Secretaria de Educação de São Paulo admite, após documento interno ‘vazar’, que existe projeto-piloto para usar plataformas digitais na revisão e na atualização de slides exibidos nas aulas. Entenda quais os benefícios e riscos envolvidos na estratégia.
A Secretaria de Educação do Estado de São Paulo prevê usar uma plataforma de inteligência artificial (IA) para formular e atualizar os slides mostrados pelos docentes nas aulas do ensino fundamental II e do ensino médio.
➡️Segundo o órgão, é um “projeto-piloto” que não vai elaborar o conteúdo “do zero”: partirá do que já foi escrito por professores curriculistas (especialistas na formulação de materiais) para “inserir novas atividades, exemplos de aplicação prática do conhecimento e informações adicionais que enriqueçam as explicações de conceitos-chave de cada aula”.

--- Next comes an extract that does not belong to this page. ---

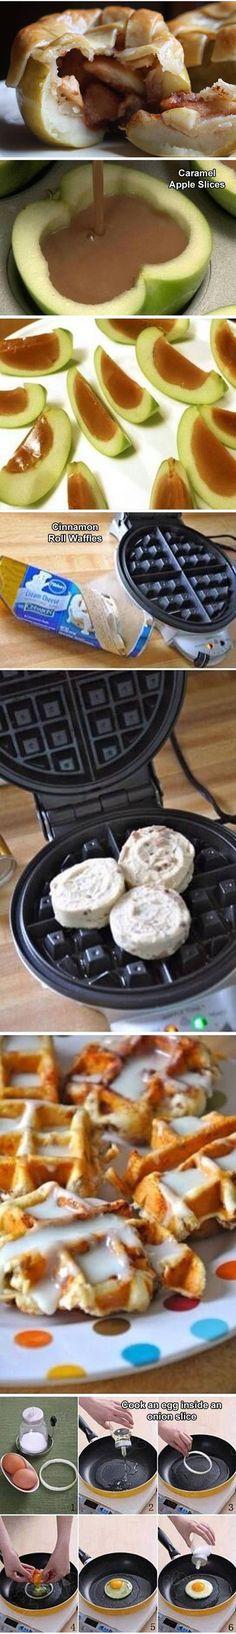 funny-cook-food-hacks-fruits-cookies
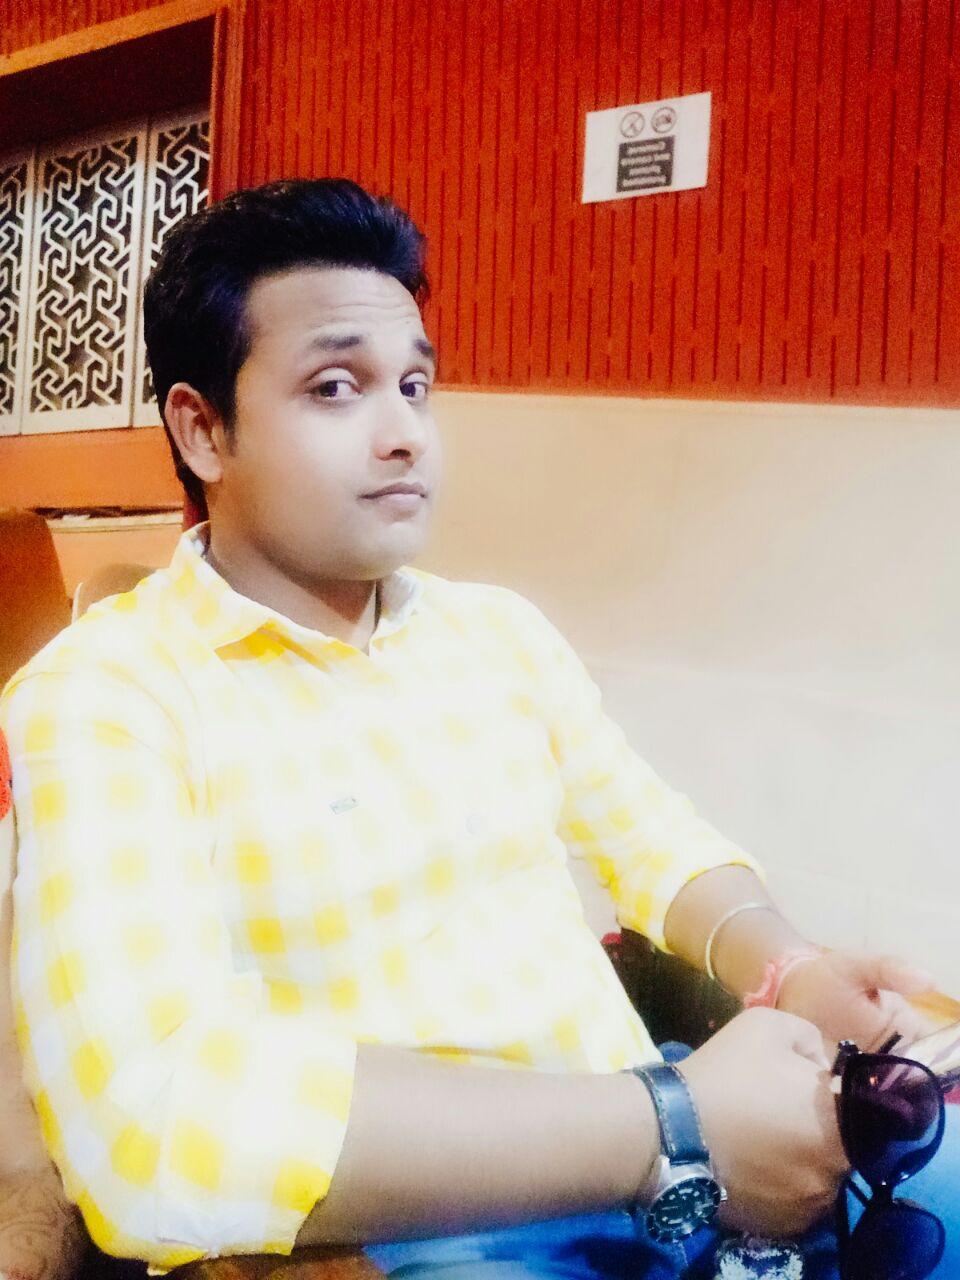 Rajib Chakraborty

❓Até a mais recente atualização desta reportagem, a Secretaria de Educação de São Paulo não havia confirmado qual será o tipo de ferramenta empregada – não sabemos, portanto, se o governo adotará uma plataforma formulada especificamente para o uso educativo ou se escolherá algo mais generalista, semelhante à versão 3.5 do ChatGPT. Nesta sexta-feira (19), o Ministério Público cobrou explicações do governo paulista e um maior detalhamento do projeto.
O g1 conversou com docentes da educação básica e do ensino superior, pesquisadores, autores de materiais didáticos e especialistas em tecnologia para debater:
quais os riscos de os materiais apresentarem erros ou limitarem a dinâmica das aulas;
de que forma os professores serão impactados pela mudança (terão mais trabalho ou economizarão tempo?);
que vantagens e desvantagens existem na adoção de IA na preparação dos slides;
quais cuidados são essenciais para que não haja prejuízo aos alunos.
Não é a primeira vez que o governo de São Paulo apresenta um projeto de uso da tecnologia na educação e gera discussão entre docentes e pesquisadores. Há oito meses, o governador Tarcísio de Freitas havia tentado abrir mão dos livros impressos e substituí-los somente por materiais didáticos digitais nas salas de aula – o plano foi cancelado após sofrer críticas de especialistas.
Antes de entender, mais abaixo, as possíveis consequências do uso de IA na formulação dos slides, veja o que já se sabe sobre o projeto do governo paulista:
A ferramenta adotada deve formular a primeira versão da “modernização da aula”, com cerca de 18 slides. Tomará como base os temas pré-definidos pela secretaria estadual e as referências passadas pelo órgão.
Um profissional contratado analisará esse conteúdo e fará as adaptações pedagógicas e correções necessárias.
Um time interno da secretaria fará uma revisão do material e poderá, se necessário, enviá-lo de volta para o profissional da etapa anterior.
Os recursos didáticos (como mapas e imagens) serão colocados nas apresentações.
As aulas serão validadas.
Cada profissional “revisor” terá dois dias úteis para entregar três aulas.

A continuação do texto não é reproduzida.